Activity: What must be handed in is the entire listing, exactly as written, with no pictures.

Dataset extract:
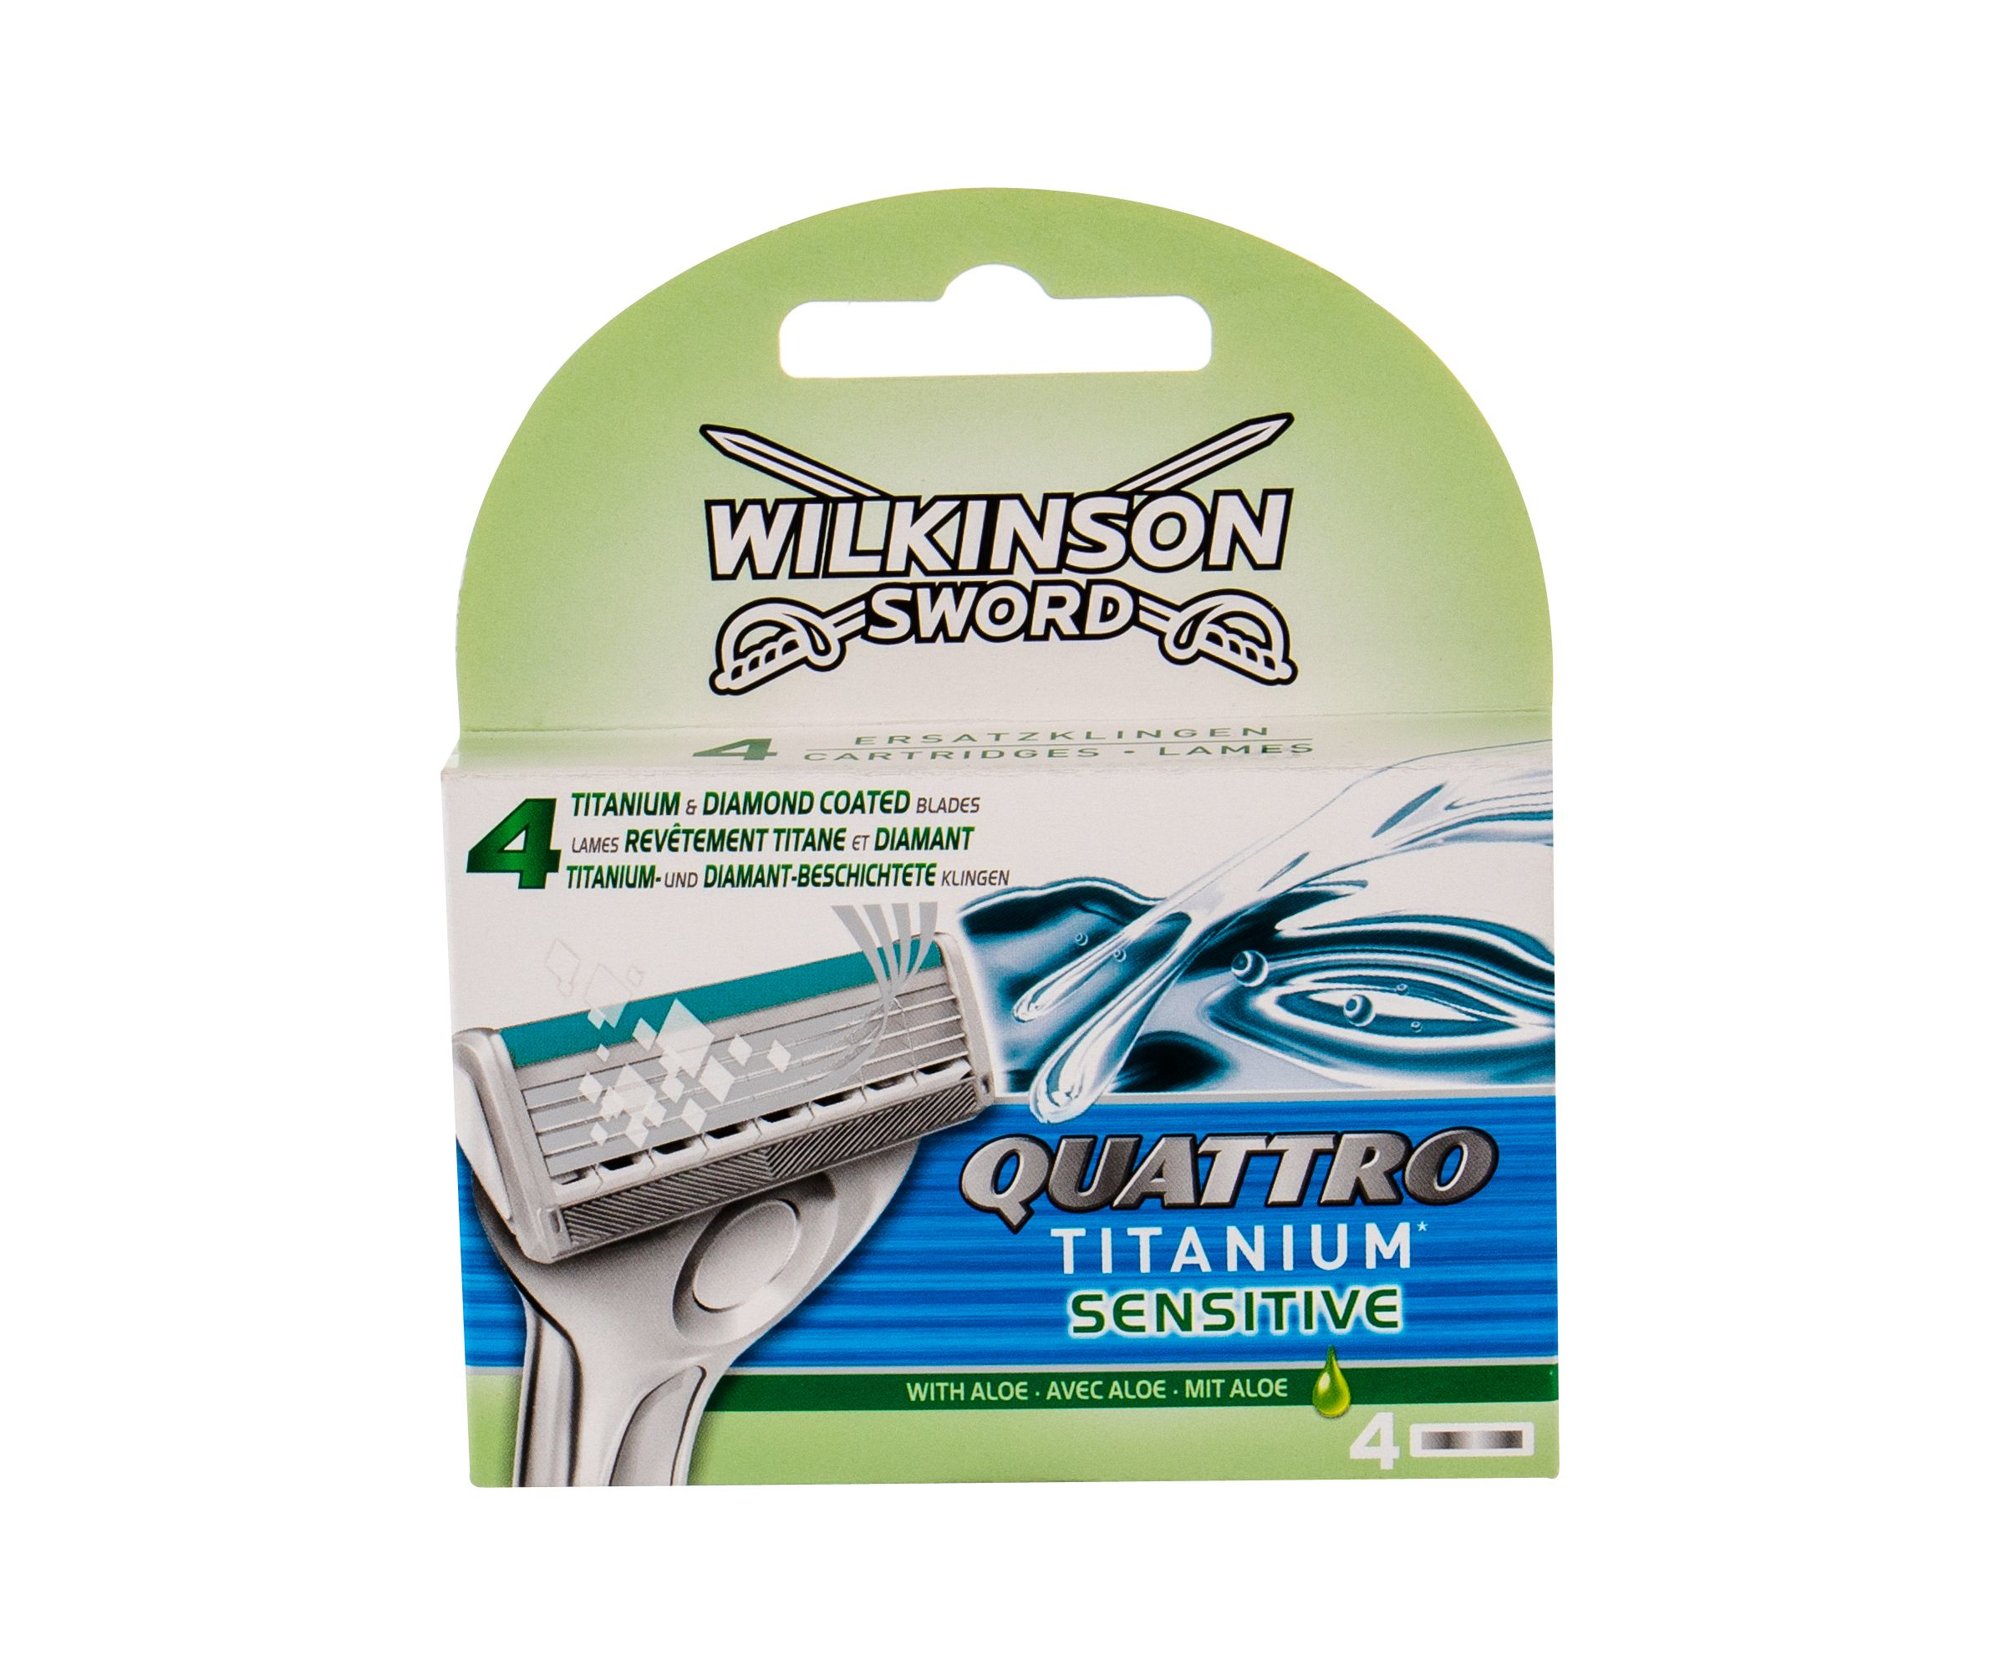 Wilkinson Sword Quattro Titanium Sensitive skustuvo galvutė
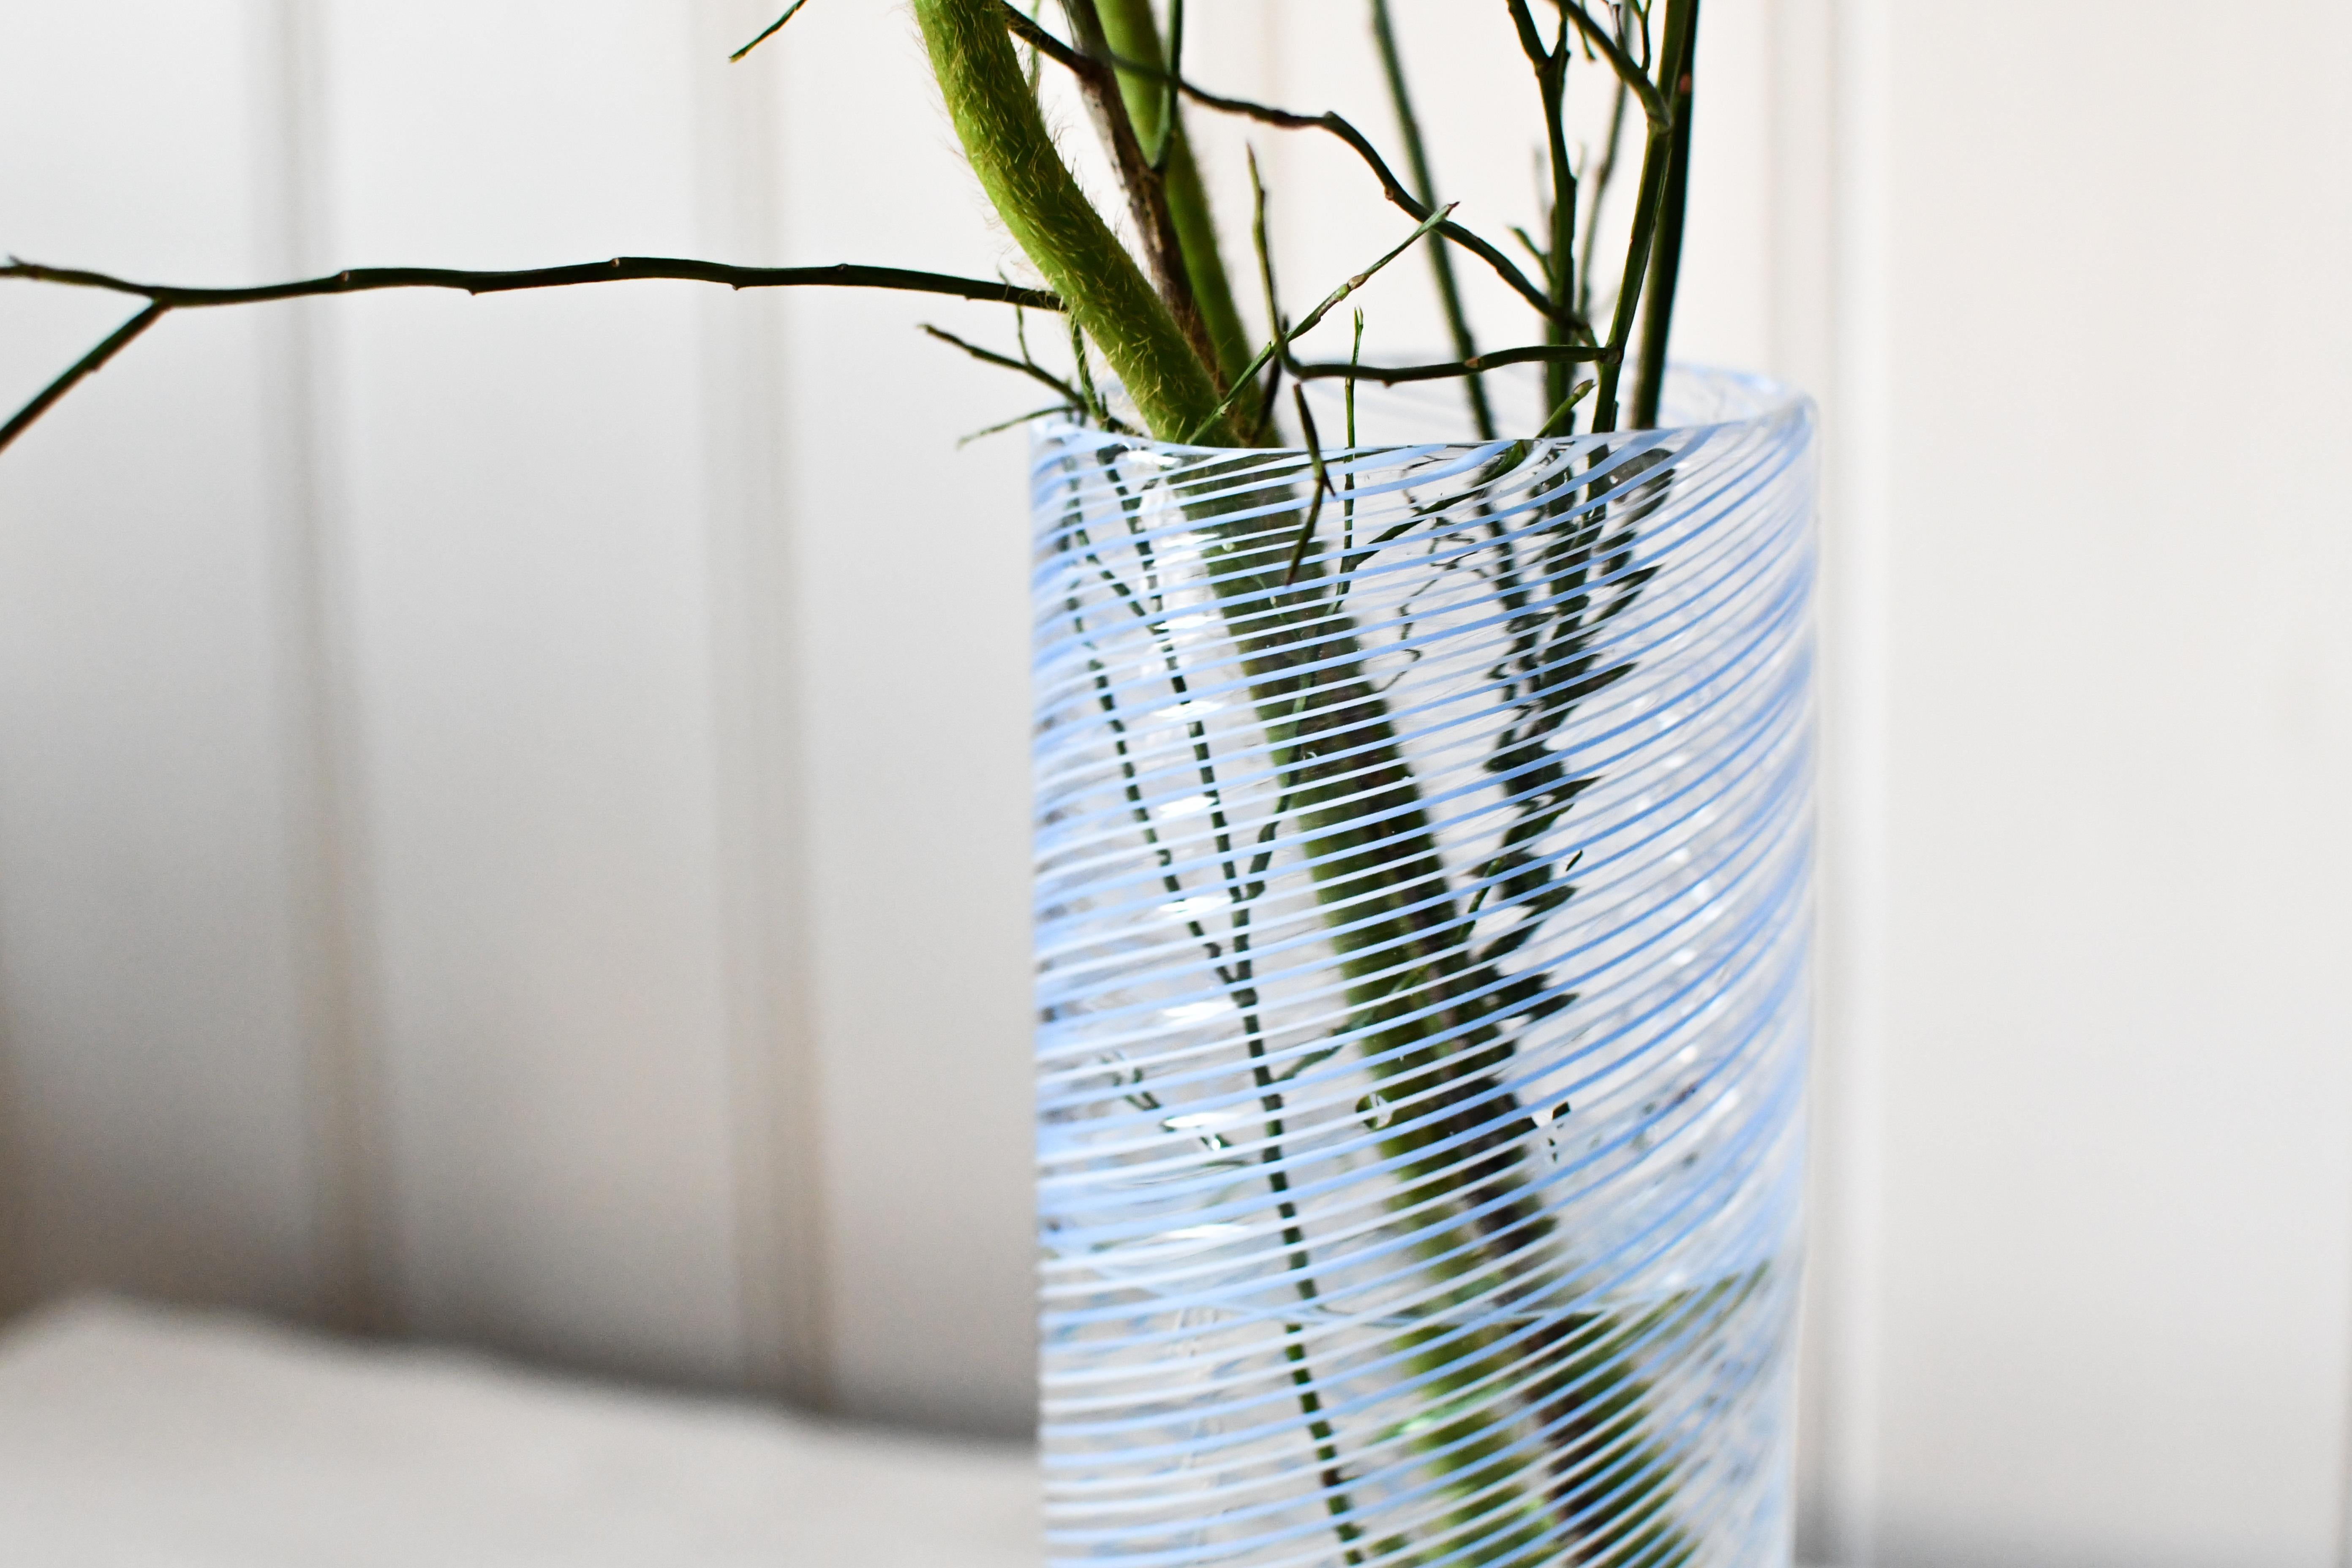 Swiss Contemporary Murano Glass Doppio Filo Vase, Periwinkle White by Laura Sattin For Sale
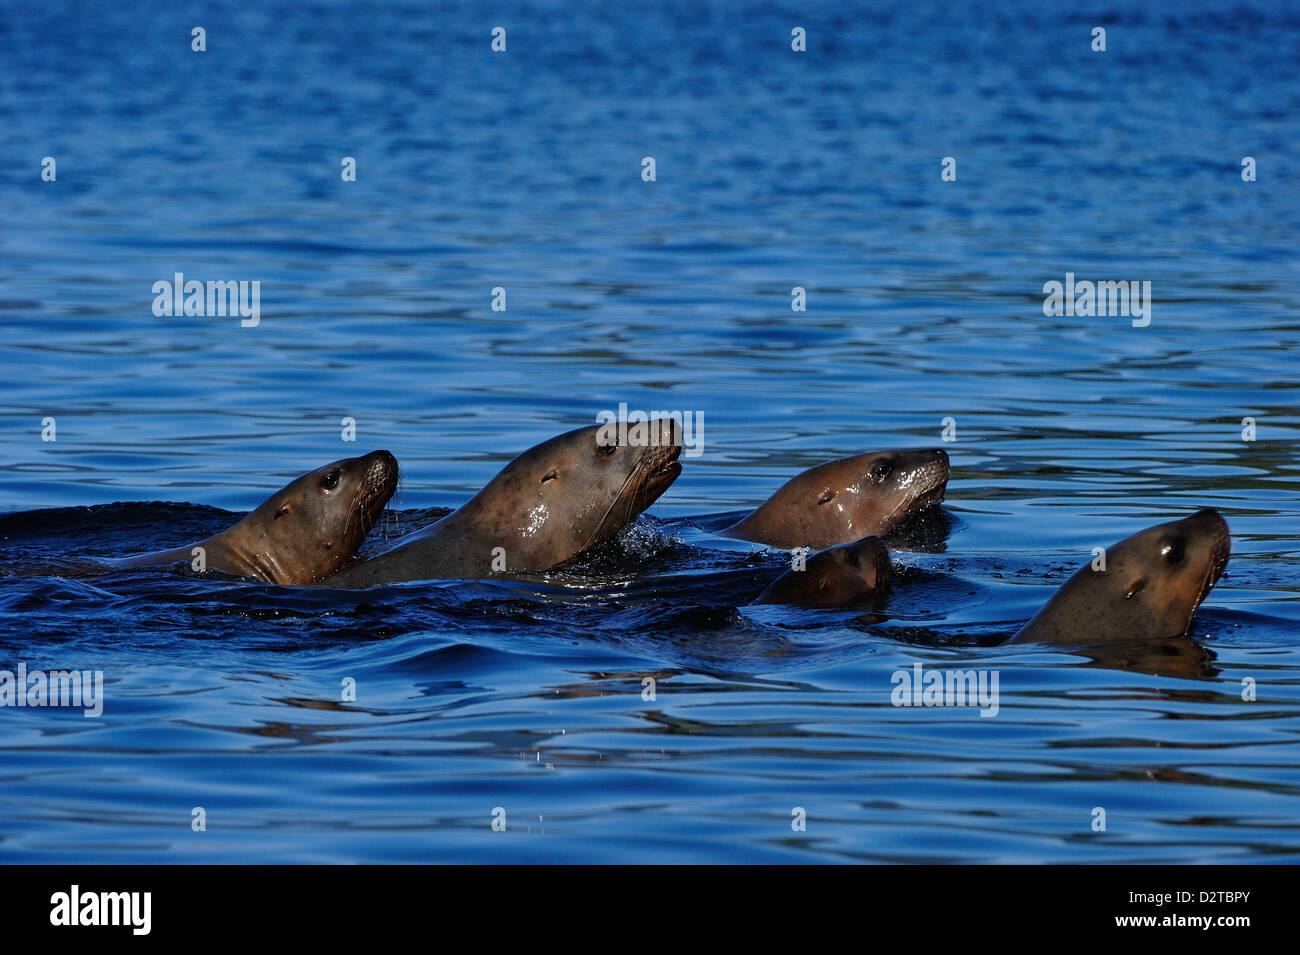 Lobos de mar moviéndose juntas en mar, Great Bear Rainforest, British Columbia, Canadá, América del Norte Foto de stock
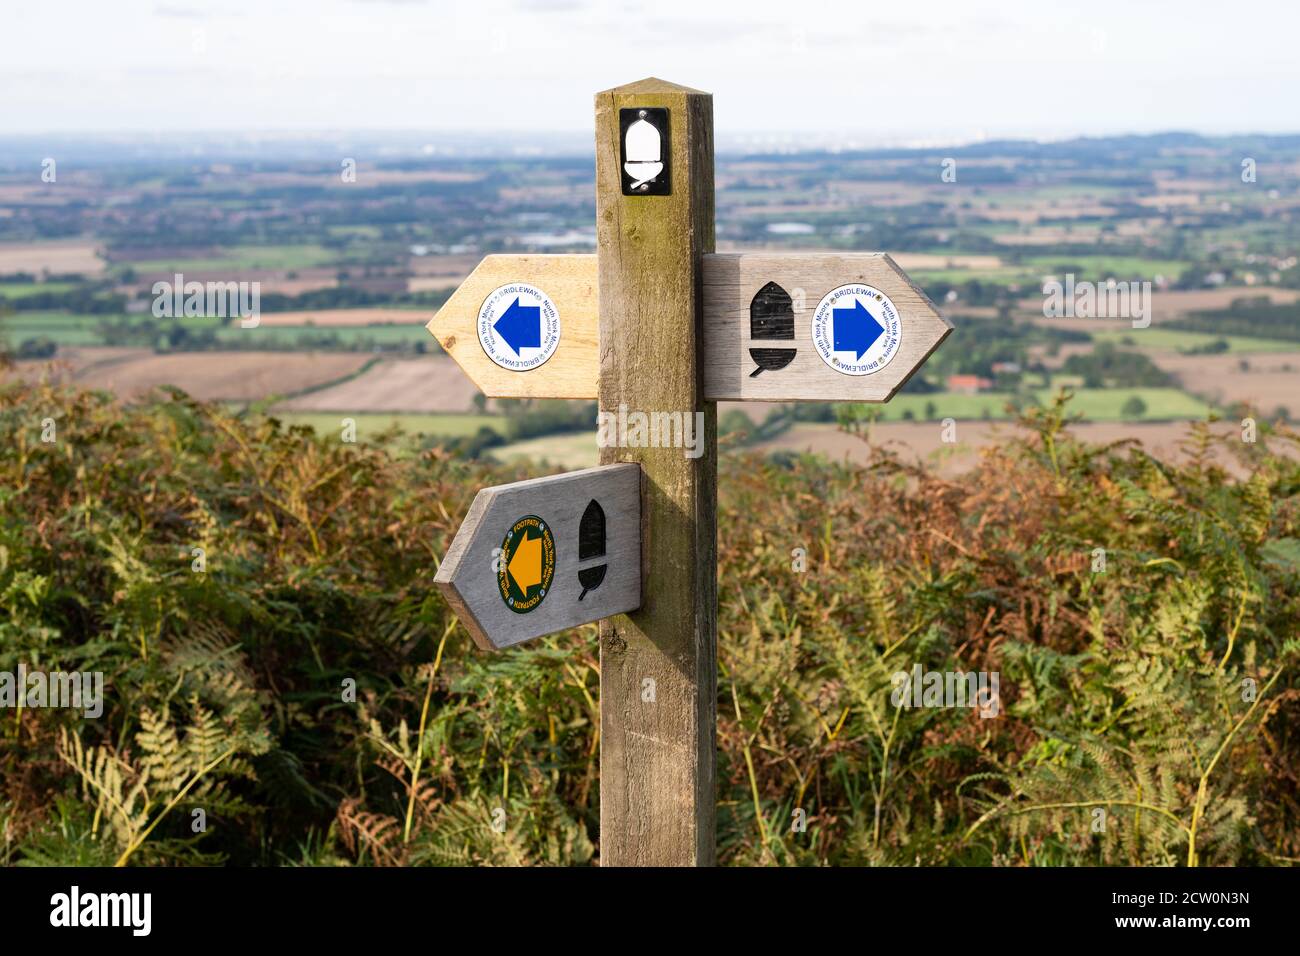 Fußpfadsymbole - blauer Pfeil (Brückenweg), gelber Pfeil (Fußweg), schwarze Eichel (Nationalweg) auf Fußpfadzeichen auf den North York Moors, England, Großbritannien Stockfoto

Solution:
 Wilkinson Sword Quattro Titanium Sensitive skustuvo galvutė
 Swiss Contemporary Murano Glass Doppio Filo Vase, Periwinkle White by Laura Sattin For Sale
 Lobos de mar moviéndose juntas en mar, Great Bear Rainforest, British Columbia, Canadá, América del Norte Foto de stock
 Fußpfadsymbole - blauer Pfeil (Brückenweg), gelber Pfeil (Fußweg), schwarze Eichel (Nationalweg) auf Fußpfadzeichen auf den North York Moors, England, Großbritannien Stockfoto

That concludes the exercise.